'''

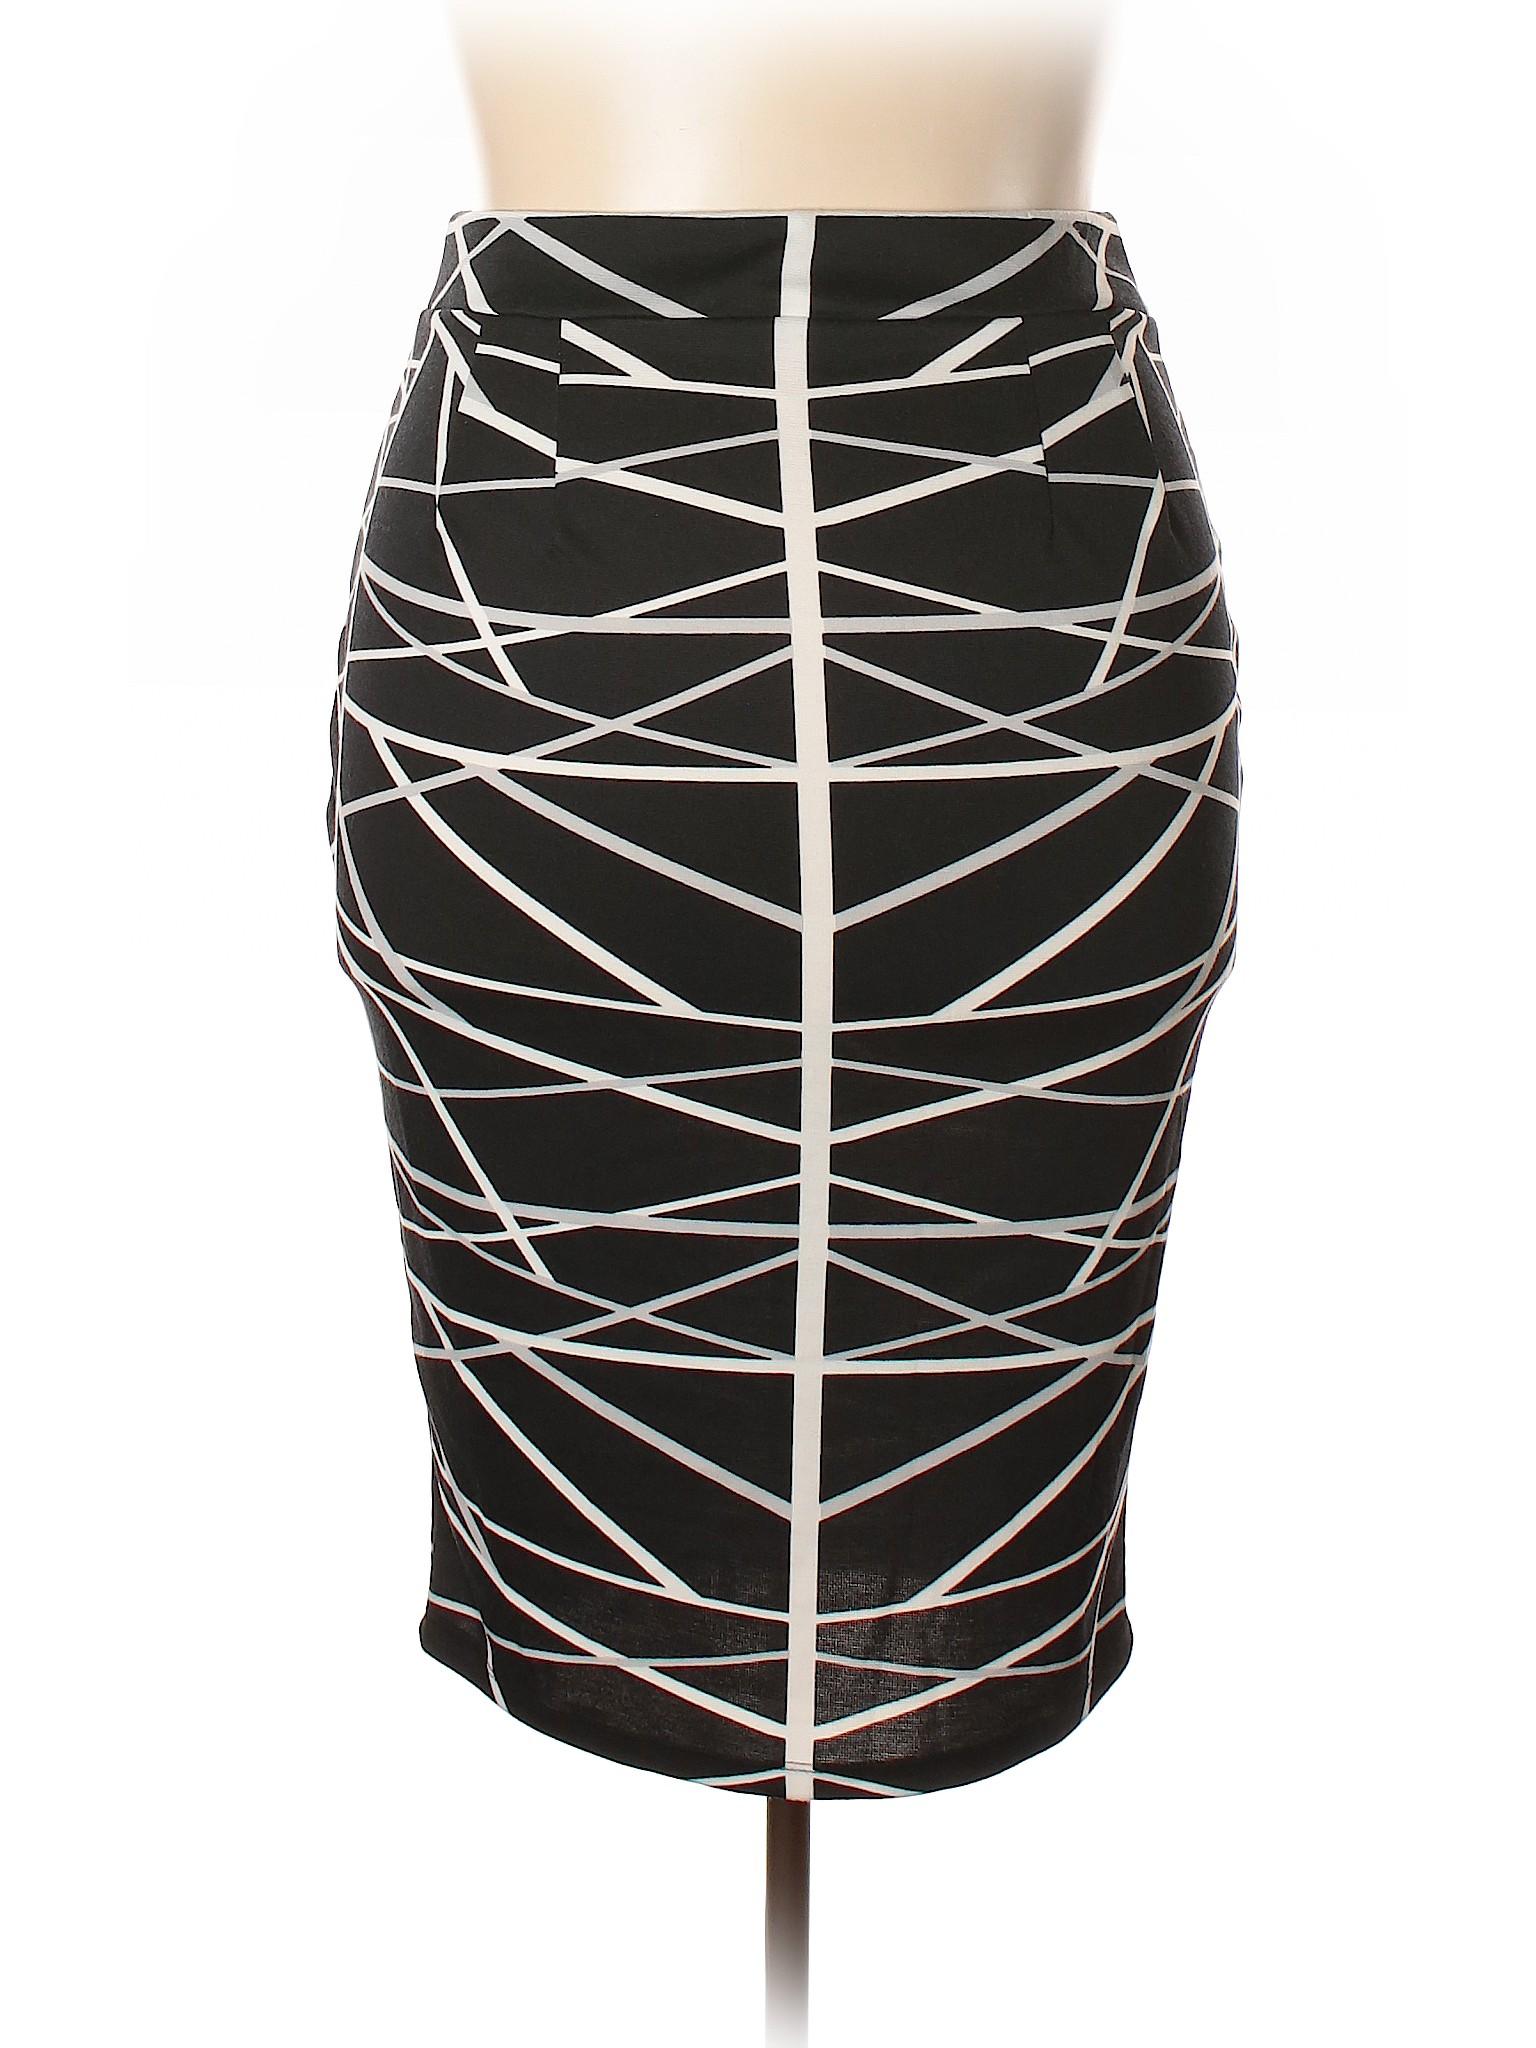 Boutique Boutique Skirt Boutique Casual Casual Boutique Skirt Casual Skirt Casual Boutique Skirt Casual I6wRHH
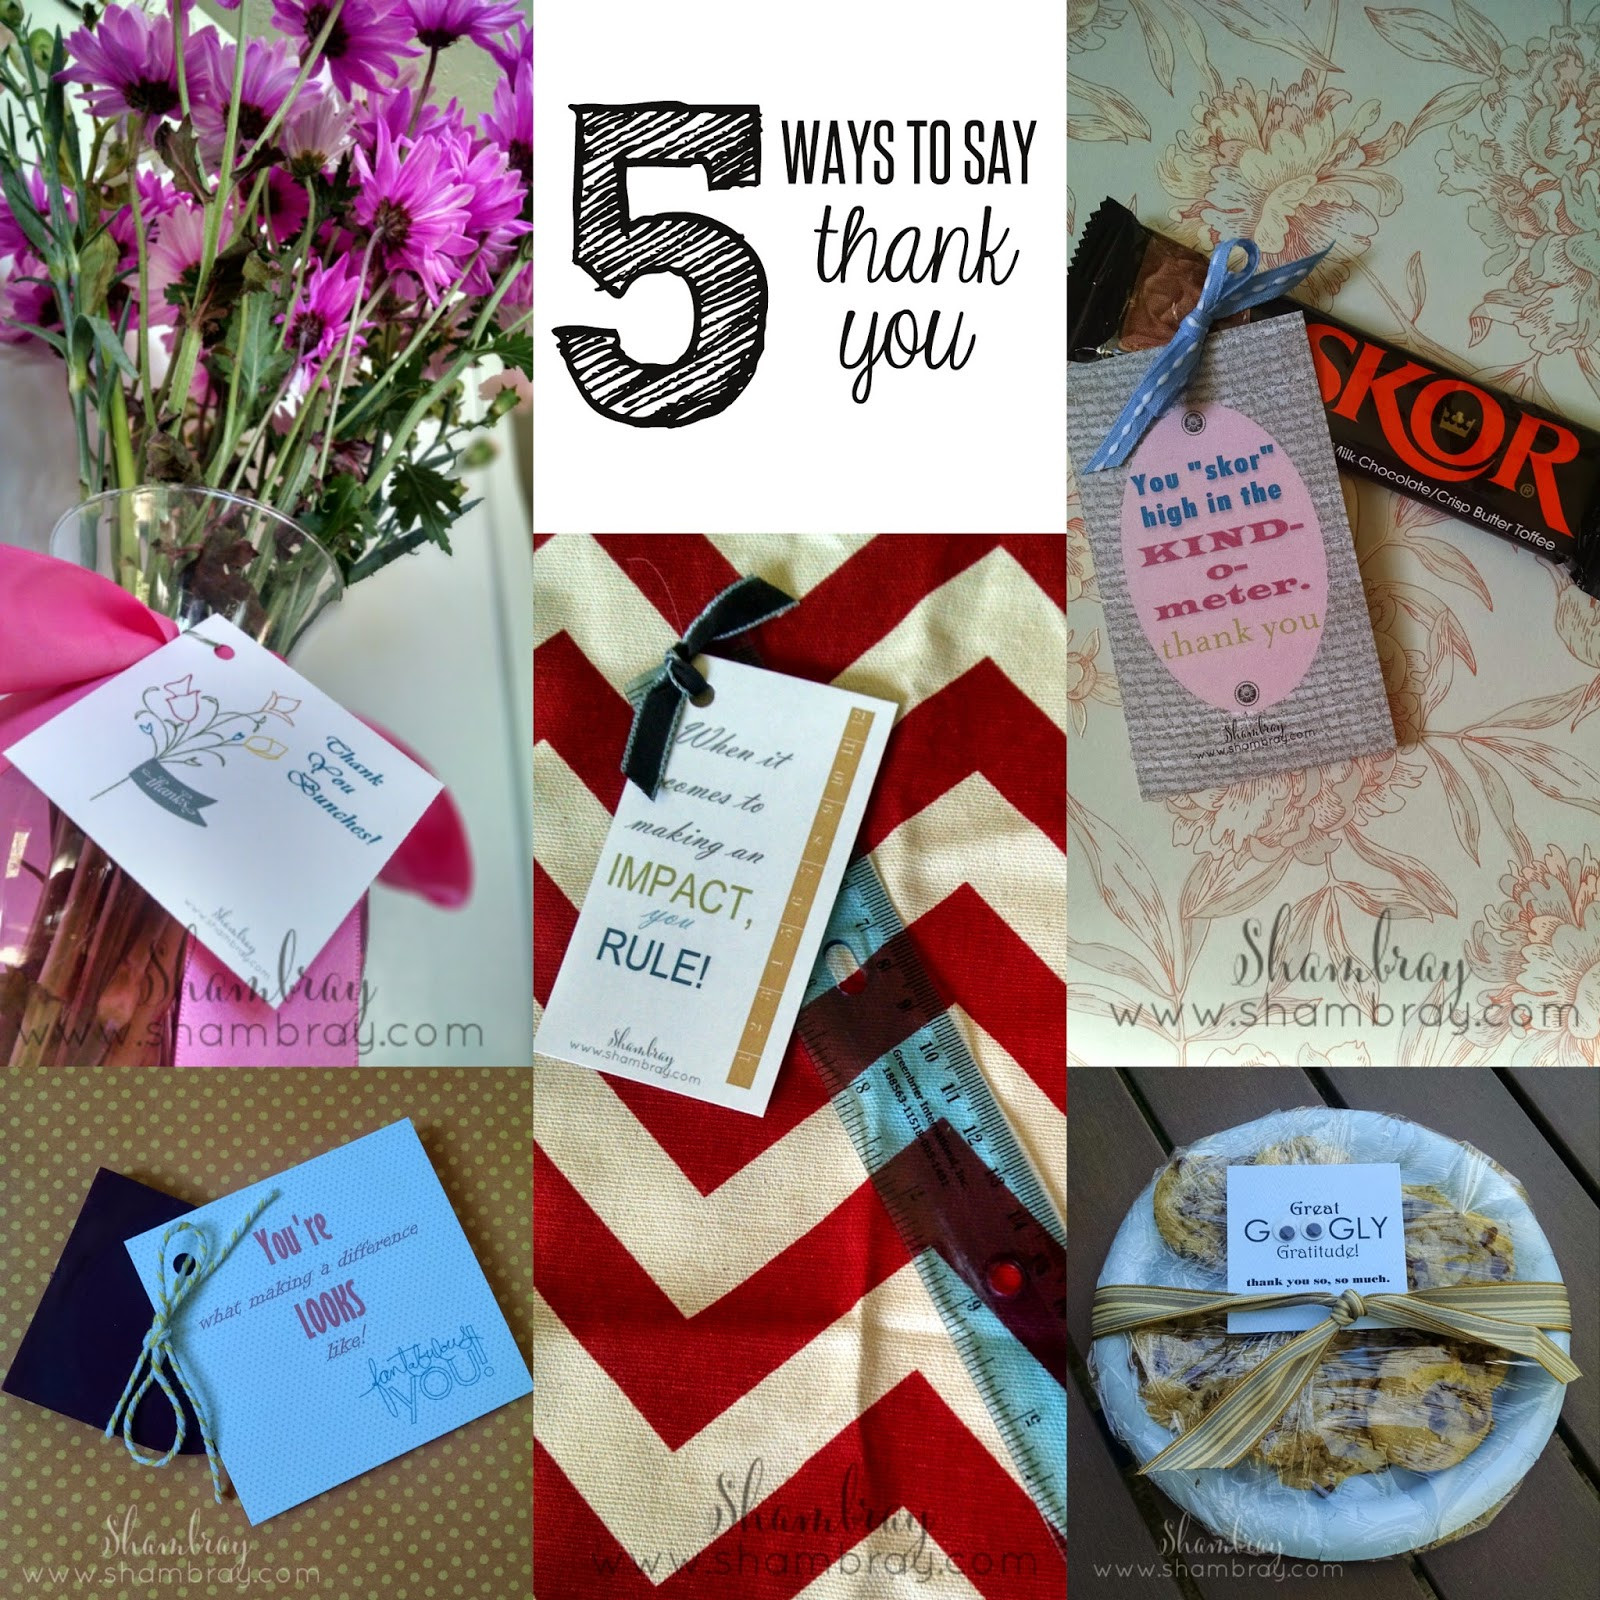 Gift Ideas To Say Thank You  Shambray Creative ways to say thank you and t ideas
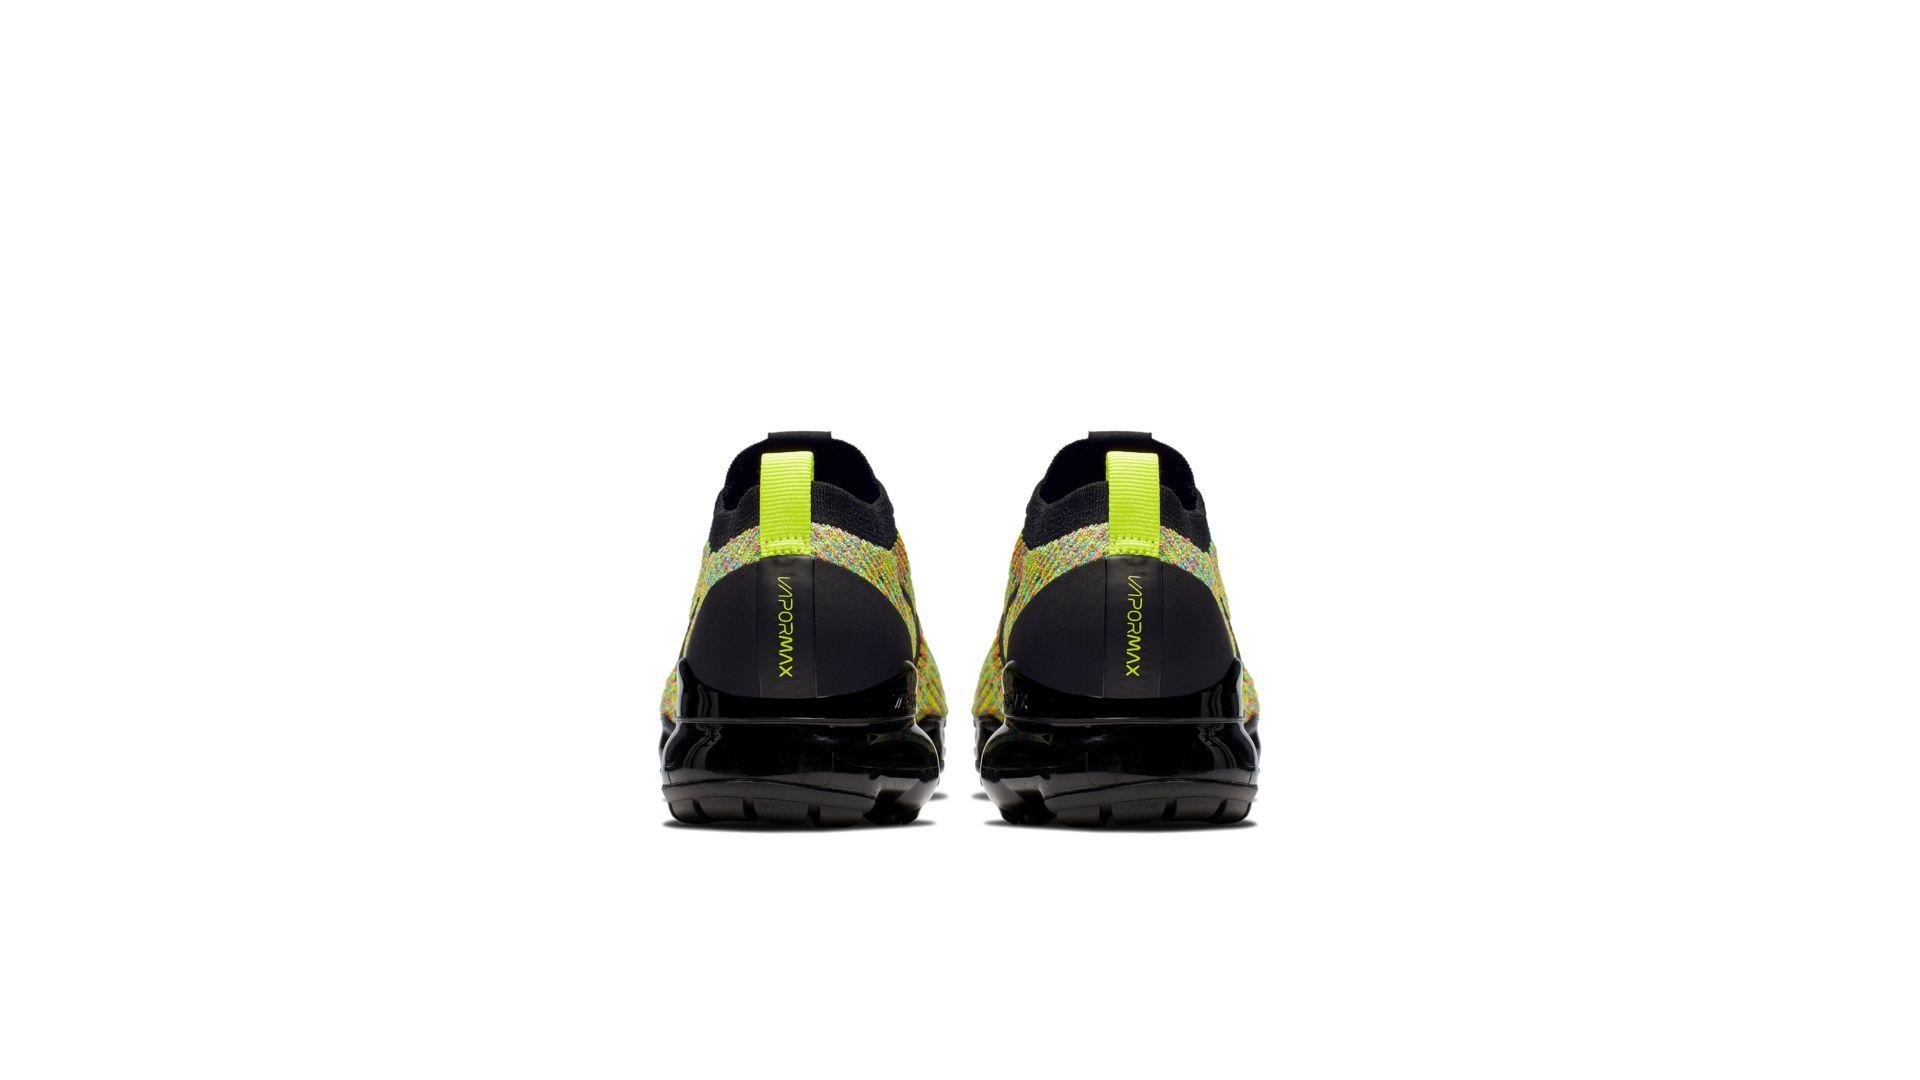 Nike Air Vapormax FK 3 'Black Volt' (AJ6910-004)

'''

__REQUIRED WORK__.
Pictures are to be omitted; otherwise, write out the data exactly as it appears.

__FINISHED EXERCISE__.
 Boutique Boutique Skirt Boutique Casual Casual Boutique Skirt Casual Skirt Casual Boutique Skirt Casual I6wRHH
 Gift Ideas To Say Thank You  Shambray Creative ways to say thank you and t ideas
 Nike Air Vapormax FK 3 'Black Volt' (AJ6910-004)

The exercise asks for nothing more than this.